While it's great these are getting preserved before being completely lost, it's a shame they only input a fraction of effort into, what could have been, a great product. Too many publishers are lagging behind in the e-world and technology. PDF is ok for a few things, but since most files tend to be huge, it's outdated. Adobe needs to step ahead of the curve, drop Flash and re-vamp Acrobat. Publishers need to create apps and files that are usable by multiple devices and not target just one device and group of customers. Adobe has long fallen behind in technology leadership and gone down the path of other software companies … greed. We don't need new software every year to shell out money, not unless it's ahead of the curve, flexible, multi-platform and user friendly. Keep poking Adobe and either they'll respond or another company will surpass them, as is the way of the computing world.


----------



## helluvawreck

Thanks for the info because I have considered ordering one for myself.


----------



## 12ftguru

I suspect that unlike Popular Woodworking and Fine Woodworking, nobody at AW is very technically savvy. This tends to lead to the hiring of "consultants" and other acts of self-mutilation.


----------



## reggiek

Sad to hear. With all the exciting developments of new technologies, you would think they could at least get a simple text and picture (with database search index) right. I have the FWW compilation and use it all the time with great success - it is one of my favorite reference DVD's. Hopefully, PW will get it together on the next one? Thanks for a great review and for the heads up.


----------



## llwynog

Thanks a lot for the review. Glad I learned this beforehand.


----------



## 12ftguru

Tried that. The vendor said they had no complaints from other buyers, but they would pass on "my concerns."


----------



## ChunkyC

I would talk to AW directly and forgo the middle man. Maybe they could get your money back.

This is to bad. I was looking forward to getting the DVD in the future but I'll take a pass.

Flash. YUK! What morons…


----------



## mrg

12ftguru,

Thanks for the review. I design interactive pdfs for a living. The problem is most companies do not know the technologies that are out their or a still 2-3 versions behind. PDF is a great way to publish documents provided that they are set up properly. Adobe has a platform called Livecycle ES2 which is being revamped and relaunched as ADEP which is a powerhouse of an enterprise suite for web and digital media. It is going to take some time for the publishers to catch up and get on board.
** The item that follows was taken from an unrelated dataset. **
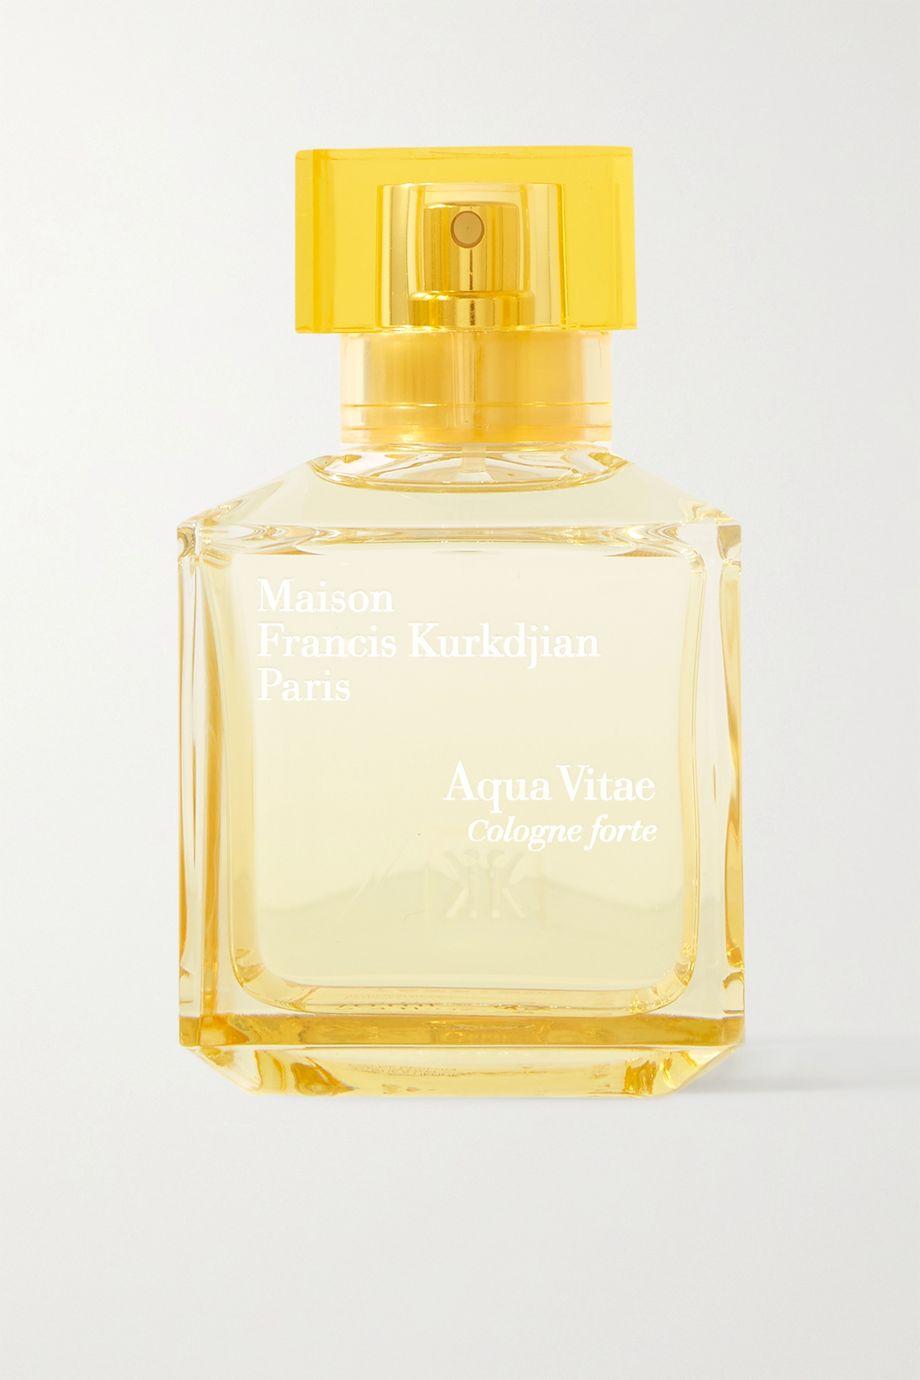 Maison Francis Kurkdjian Aqua Vitae Forte, 70 ml – Eau de Parfum

FWW has an apology in the electronic mag section for the iPad and some other e-readers do to the fact that the vendor they are using for the conversions have not kept up with the technology and are working on getting everything squared away.


----------



## Tomas

I know you were looking to something interesting and useful - I am sorry you had to waste your money but thank you for saving our dollars - at least you did a good deed by warning us all.

I have a related beef with popular woodworking - their illustrations are horrible - unllike fine woodworking where I can figure how things are dimensioned, put together, joined, oriented, etc - not with the grade school quality of PW illustrations - this is the only reason I will not subscribe to PW - once they improve I am willing to give it a second thought.


----------



## JonathanG

Unfortunately, I'm in the boat with you. I ordered this about a week ago and it showed up on my doorstep earlier this week.
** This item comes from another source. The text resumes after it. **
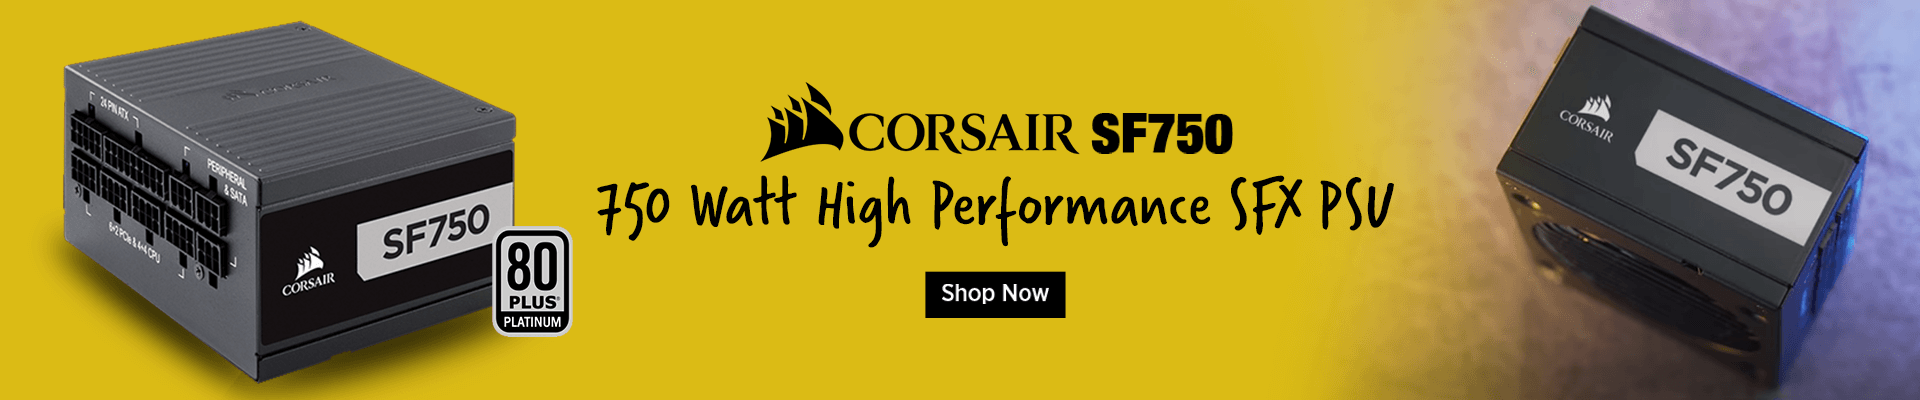 CORSAIR SF750 80 Plus Platinum Fully Modular

I have not had a chance to look at it yet, but it sounds like it's going to be a headache. I'll try to look at it over the weekend or early next week. If it's as bad as you've described, I'll be lodging a complaint with Peachtree, which is who I ordered it from. Is that where you purchased your copy?


----------



## 12ftguru

Yep. I ordered it from Peachtree. I had no luck with them, but I will email AW directly before sending this off to ebay.


----------